Cowessess Cree camp just the beginning for language growth
- Kaitlynn Nordal | July 09, 2019
Language is a big part of who people are as a culture and as an initiative under the current Chief and Council Cowessess First Nation bringing back their Cree language.
Starting in November of 2017, Sandy Pinay-Schindler, Education Director on Cowessess First Nation, applied for grants for an Aboriginal language’s initiative through the Saskatchewan Indigenous Cultural College.
Upon receiving approval, they were awarded a grant for a two-year language program. Angie Tanner, Health Director on Cowessess First Nation, had been budgeting for a language class in the community as well so that money was put into the program as well.
“Language is a part of who you are. It determines your home base. It gives you that identity. So, learning the language is the start of bringing back who we are to the community,” said Tanner.
After sorting out how the program, which was entitled Re-awakening Our Language, would run 11 language keepers participated in the class on Thursday nights taught by Darren Okemaysim starting in October 2018 in the Education and Employment Centre.
“I think it's important for us to preserve and re-awaken our languages. It was a mandate Chief and Council identified but I think it's also equally important for us to do our best to learn the language,” said Pinay-Schindler.
Once classes started and participants took a fluency test to see what their knowledge level was, Okemaysim then planned and taught the class accordingly.
As part of the grant, participants also filled out language assessment form at the end as well and most knowledge keepers were two levels above where they started.
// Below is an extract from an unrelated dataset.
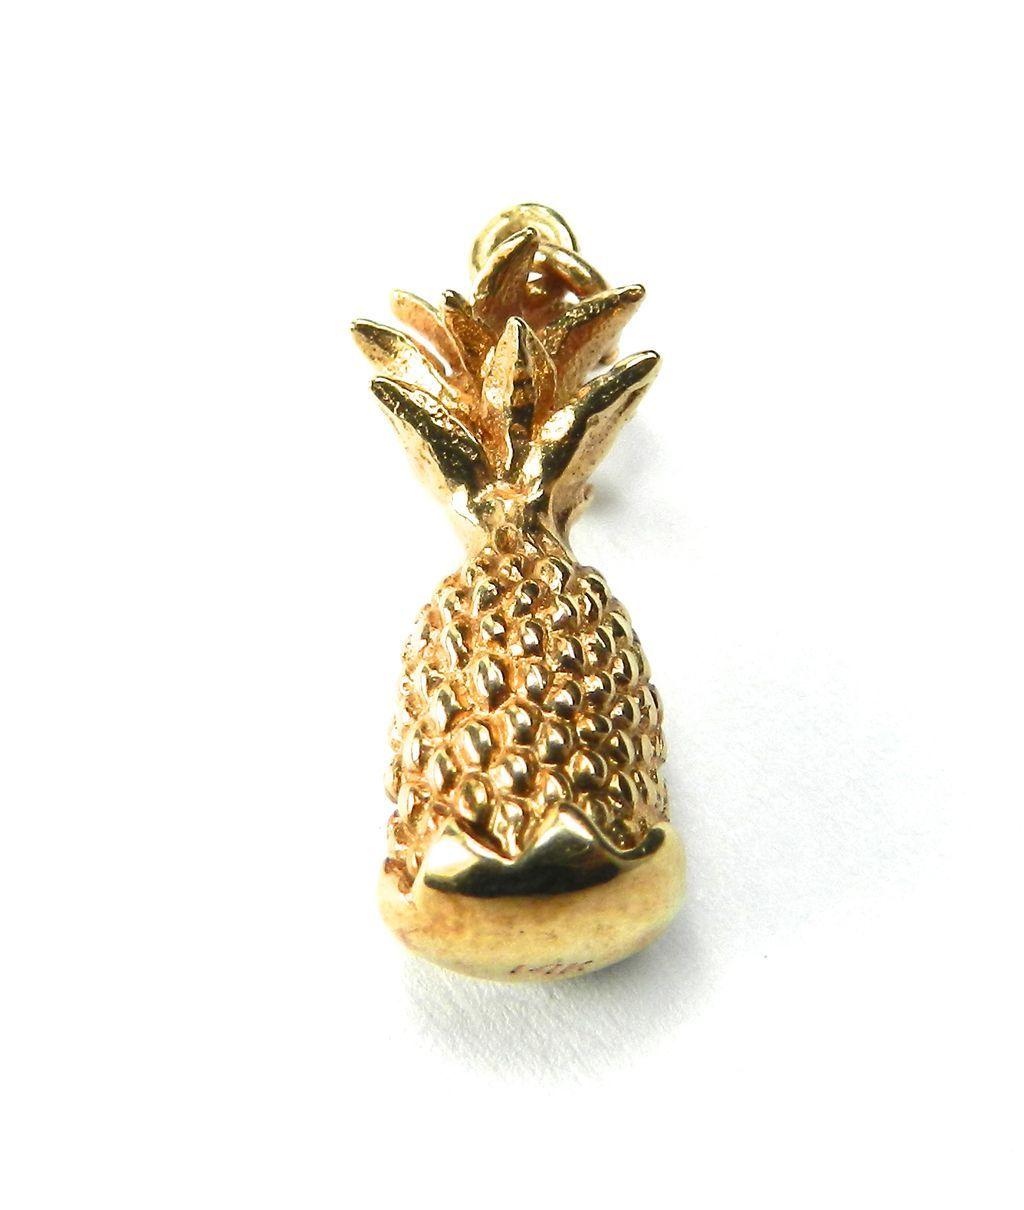 Vintage 14K Pineapple Charm

Some were as many as four or five levels above when they started.
Since the community had been considering doing a Cree camp in February, Tanner and Pinay-Schindler talked with the knowledge keepers and Okemaysim about what they wanted and how things should go for the camp.
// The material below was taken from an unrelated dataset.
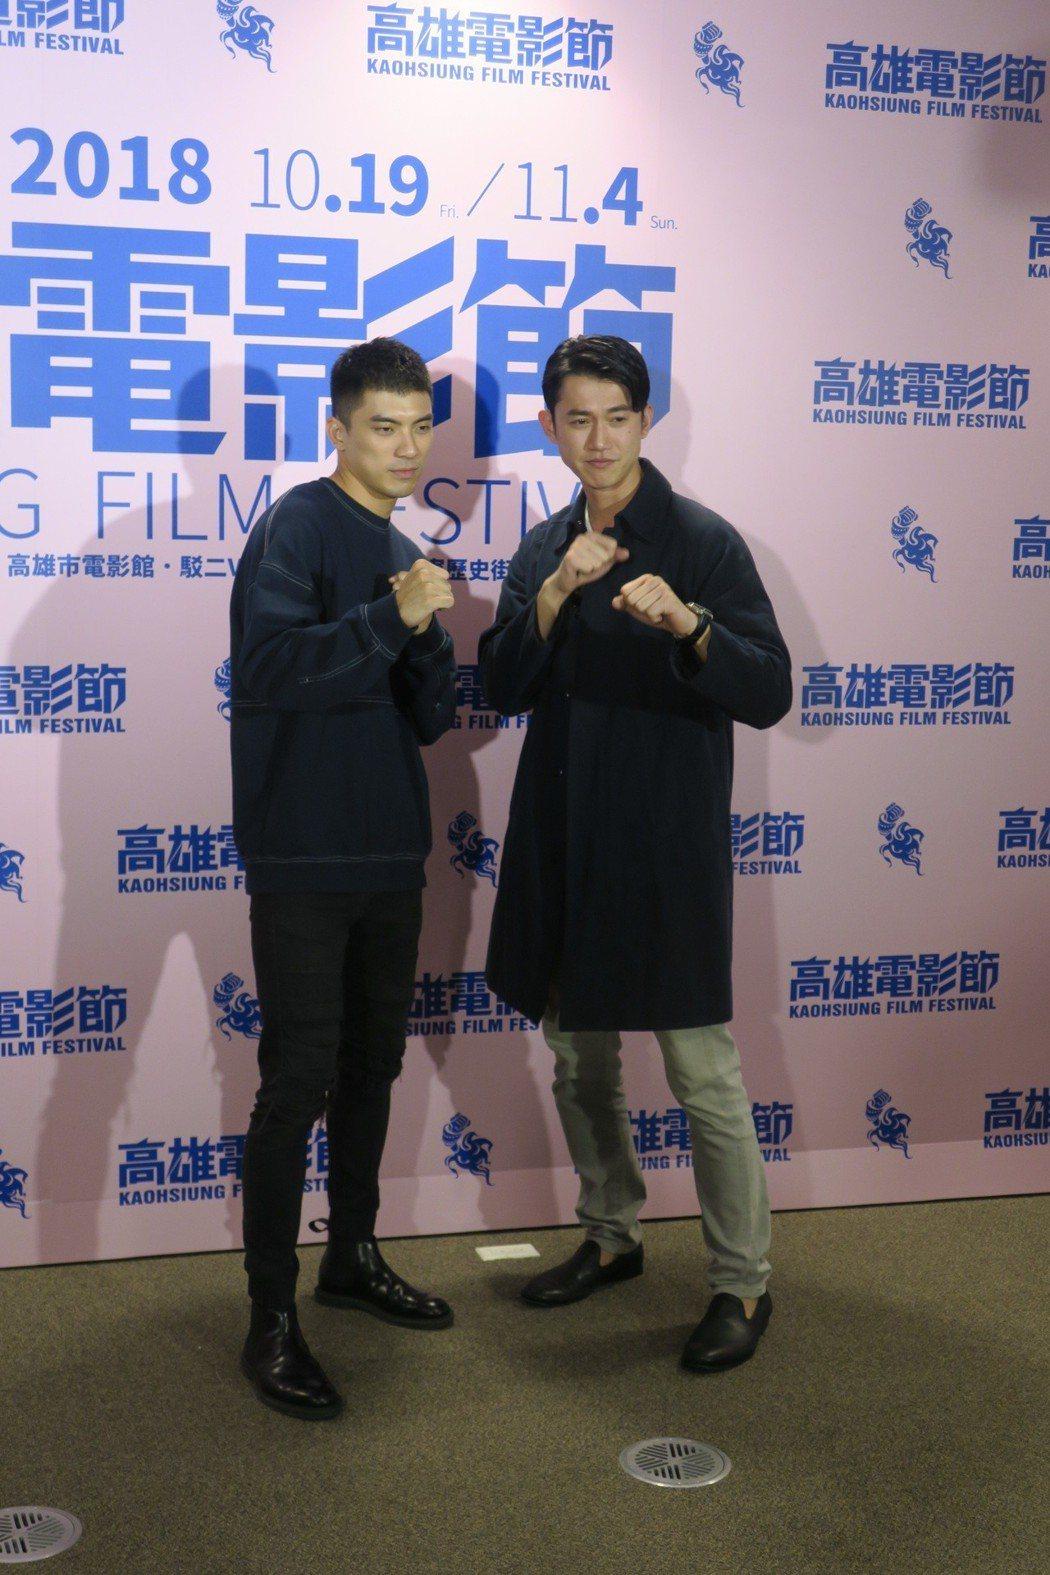 林哲熹(左)與吳慷仁在「狂徒」有不少打戲,現場擺出姿勢有模有樣。記者蘇詠智/攝影

The knowledge keepers finished up their classes at the end of June and to showcase what they had learned taught a Cree Camp July 3 and 4 to roughly 125 participants.
Each knowledge keeper picked what they wanted to teach and there was everything from how to snare rabbits, fry saskatoon berries, make bannock, how to get ready to play hockey, numbers, and colours among others. Everything at the camp had a label with what that item is in Cree to help participants learn.
The participants were split into three groups and then rotated from one thing to the next.
Cowessess is not only the first community to have a camp like this but is also the only community to receive a two-year grant when it comes to language education.
Although Cree is already taught in the school as a high school credit, with this new funding Pinay-Schindler and Tanner hope to expand this into the daycare for people to start learning the language younger. They also hope start teaching Cree once a week to the community in the evenings and have it led by the knowledge keepers and other contracted language instructors.
They are also working on having a full Cree immersion camp at some point.